**Material provided**
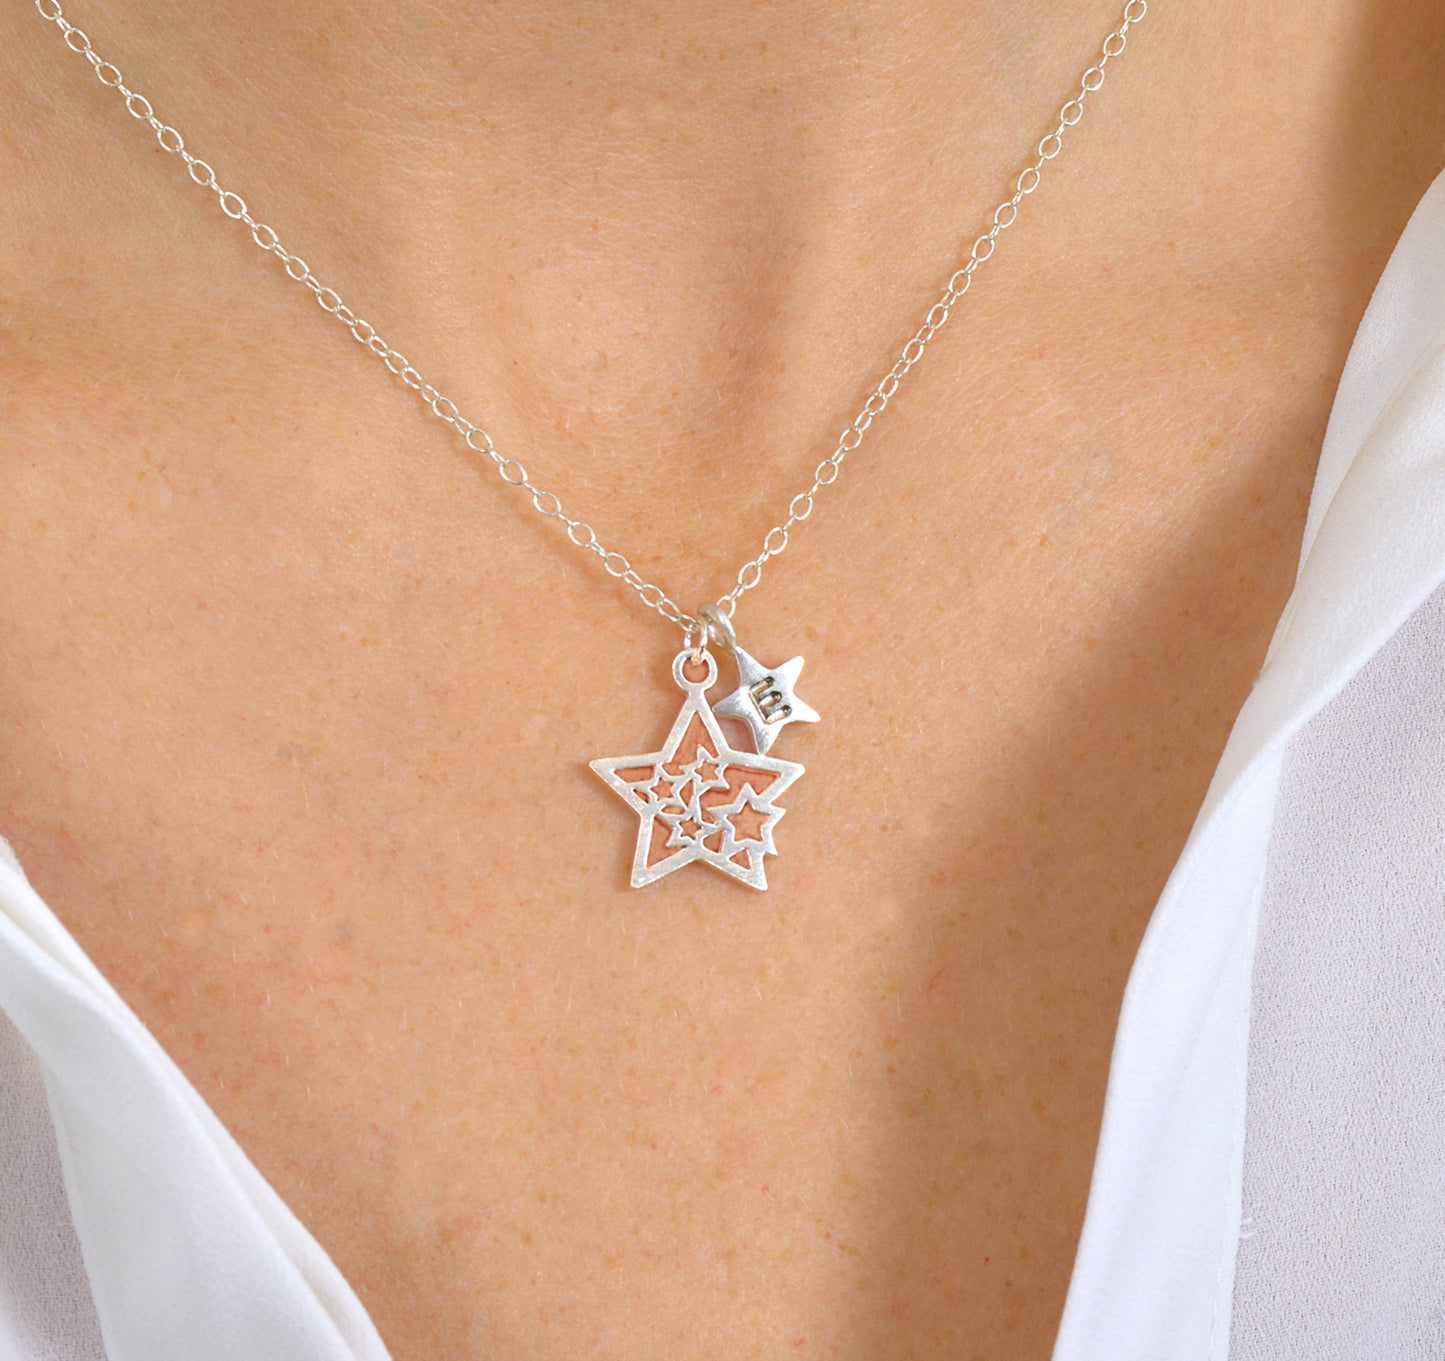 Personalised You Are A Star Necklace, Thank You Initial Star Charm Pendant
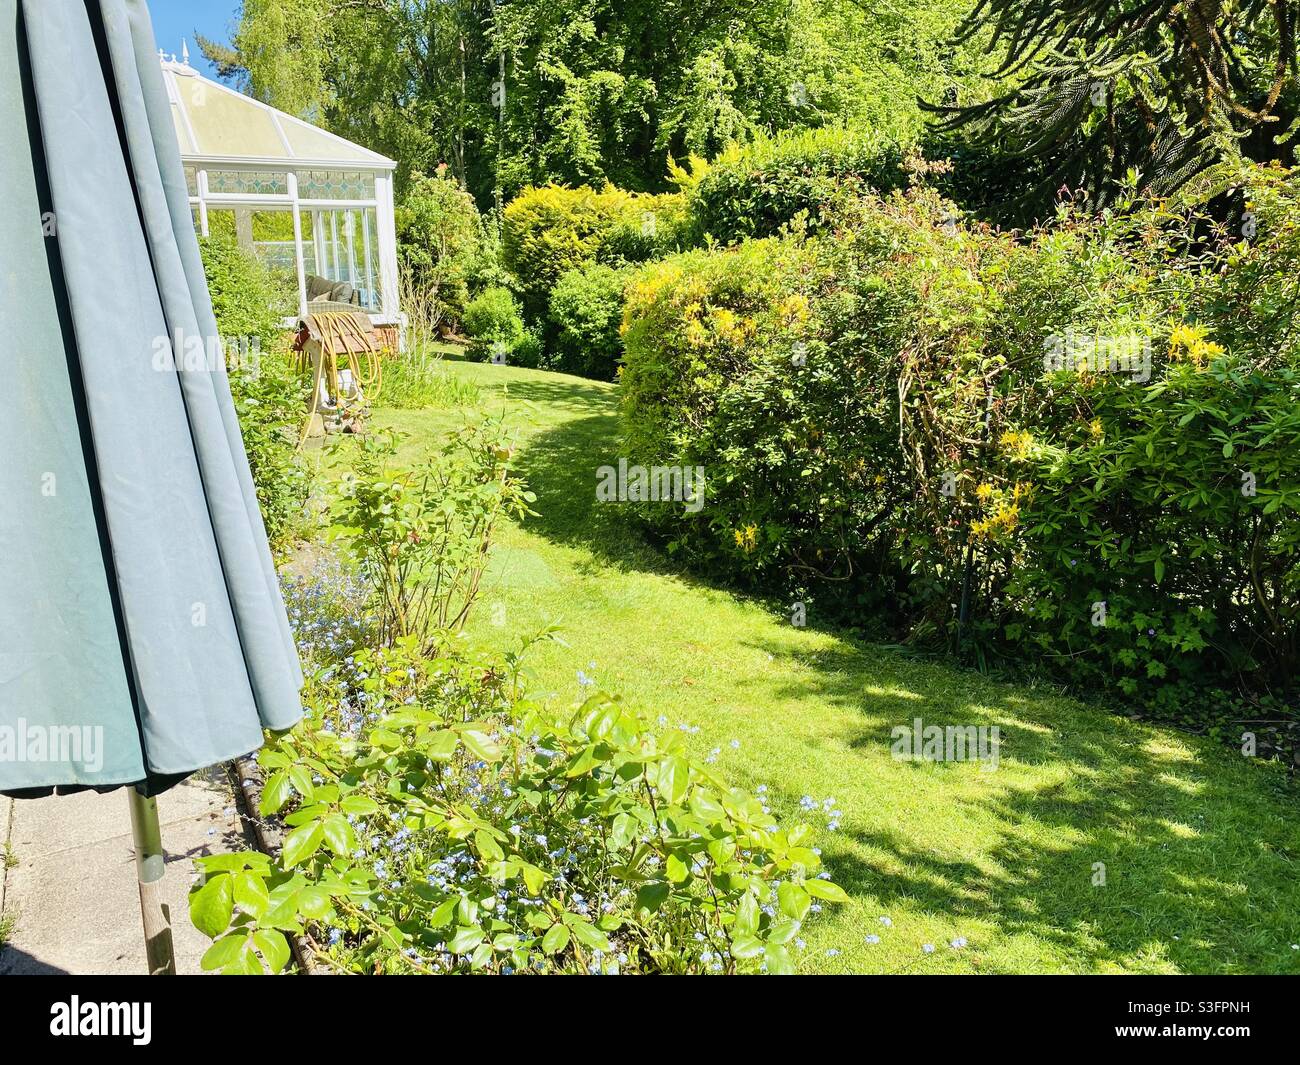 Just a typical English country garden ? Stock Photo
* * *
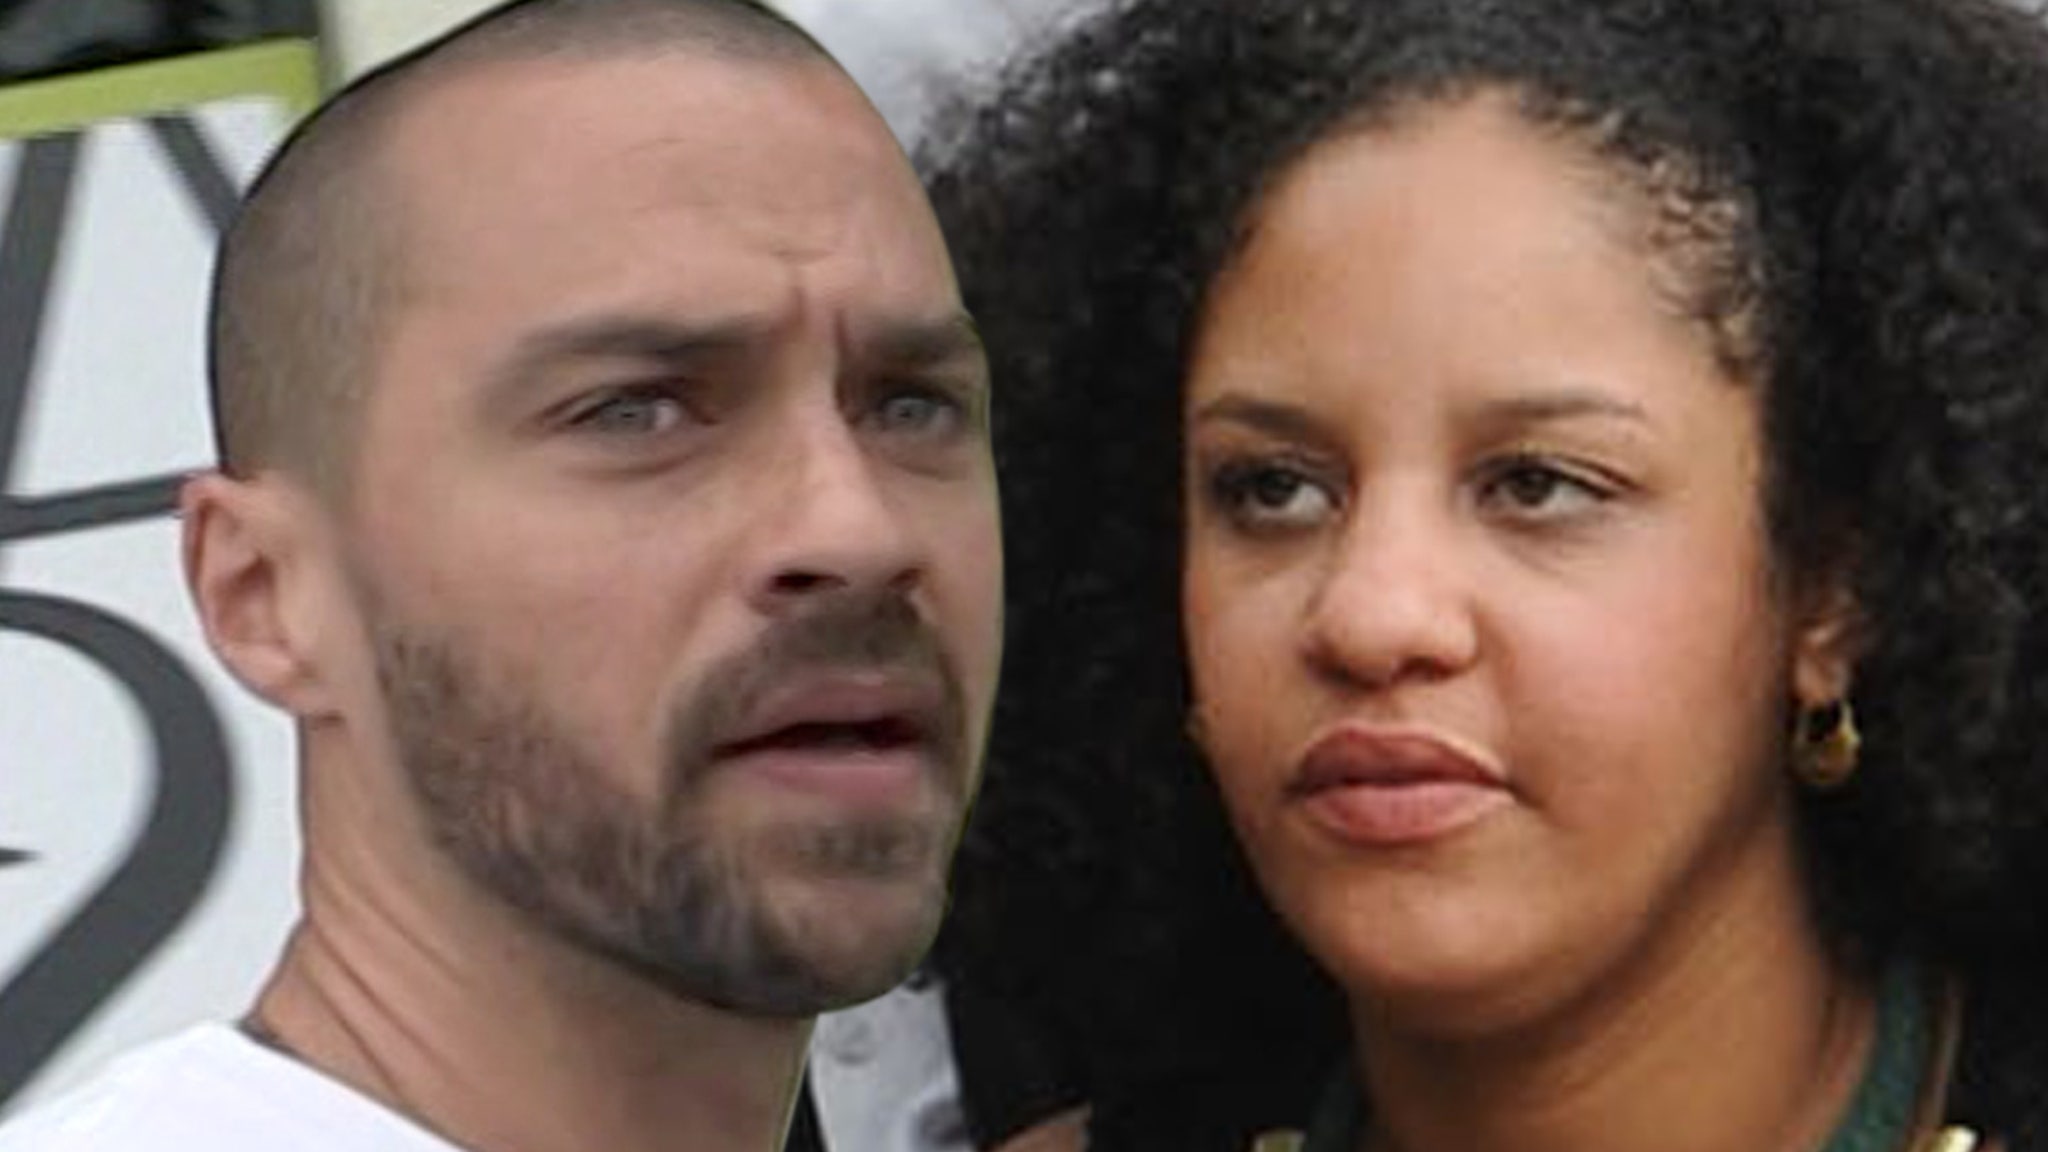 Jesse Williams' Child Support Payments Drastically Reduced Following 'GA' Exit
* * *
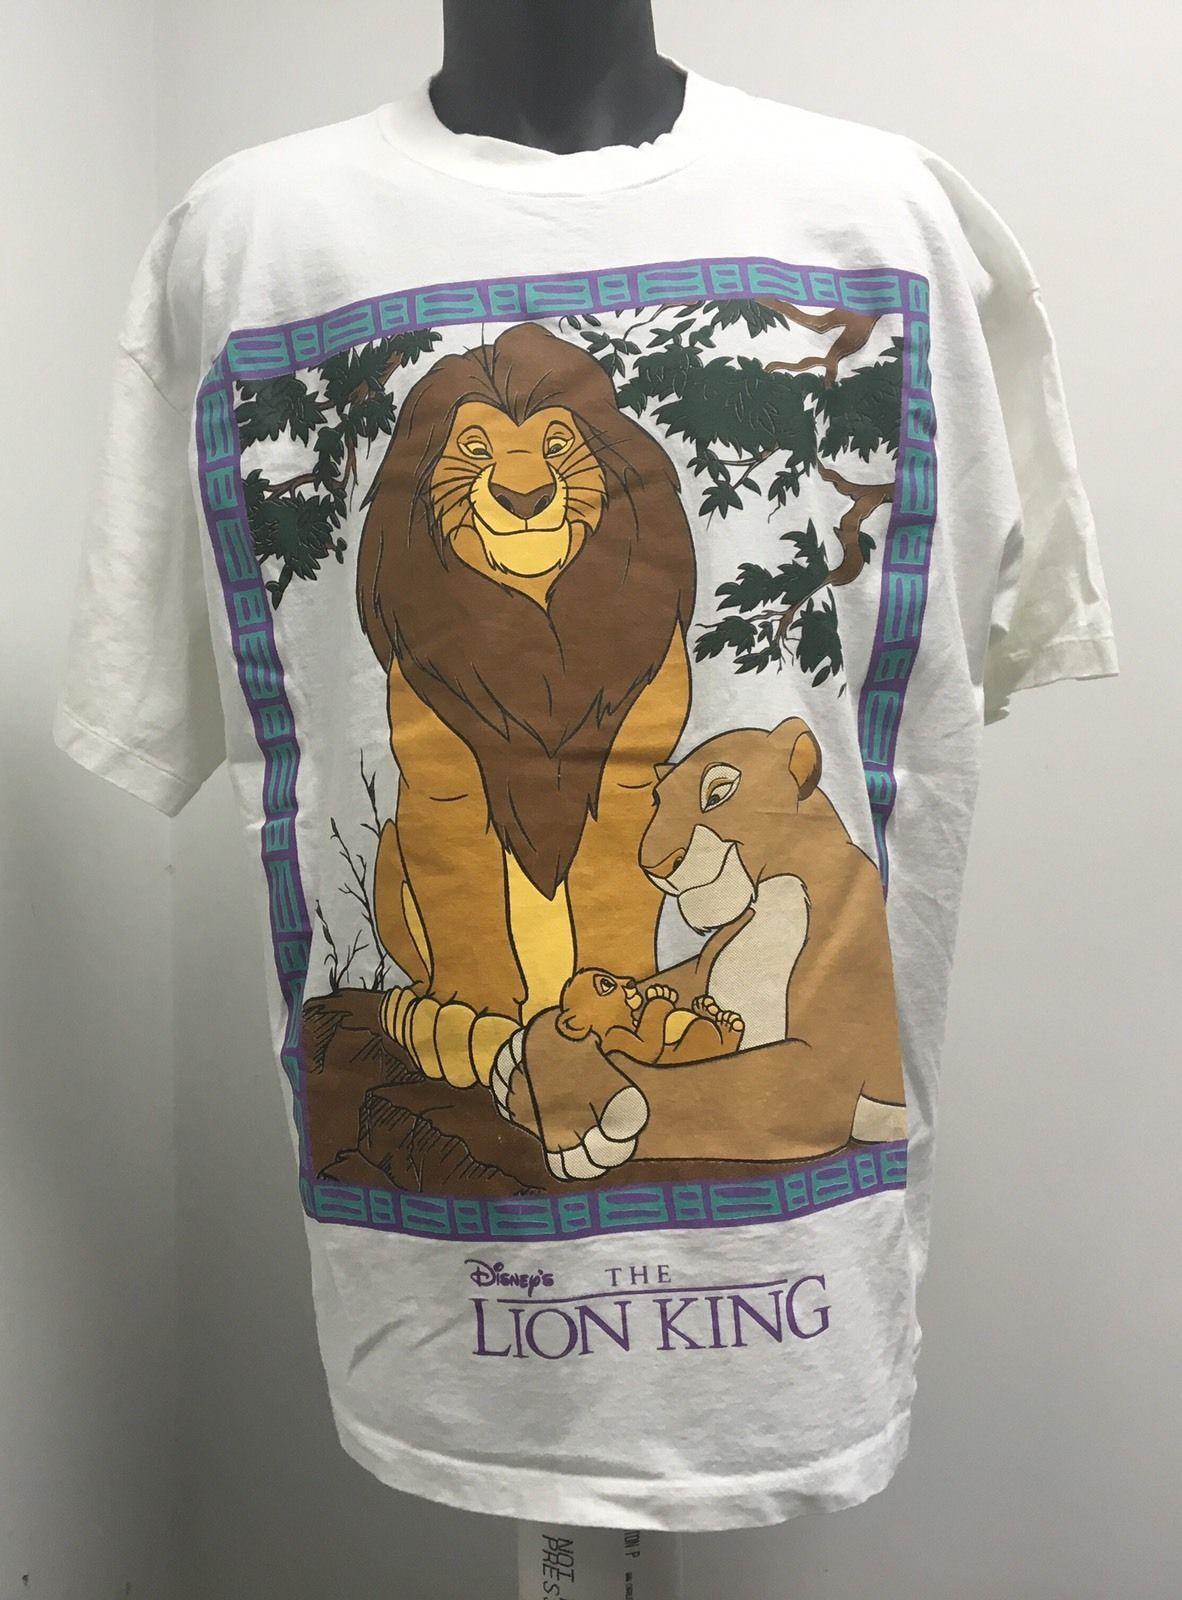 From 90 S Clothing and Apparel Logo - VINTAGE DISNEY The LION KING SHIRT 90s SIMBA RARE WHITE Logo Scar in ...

**Task description**
Take the lines above starting at the one containing "Personalised You Are" and ending at the one containing "Just a typical", and print them again exactly, without pictures.

**Solution to this exercise**
 Personalised You Are A Star Necklace, Thank You Initial Star Charm Pendant
 Just a typical English country garden ? Stock Photo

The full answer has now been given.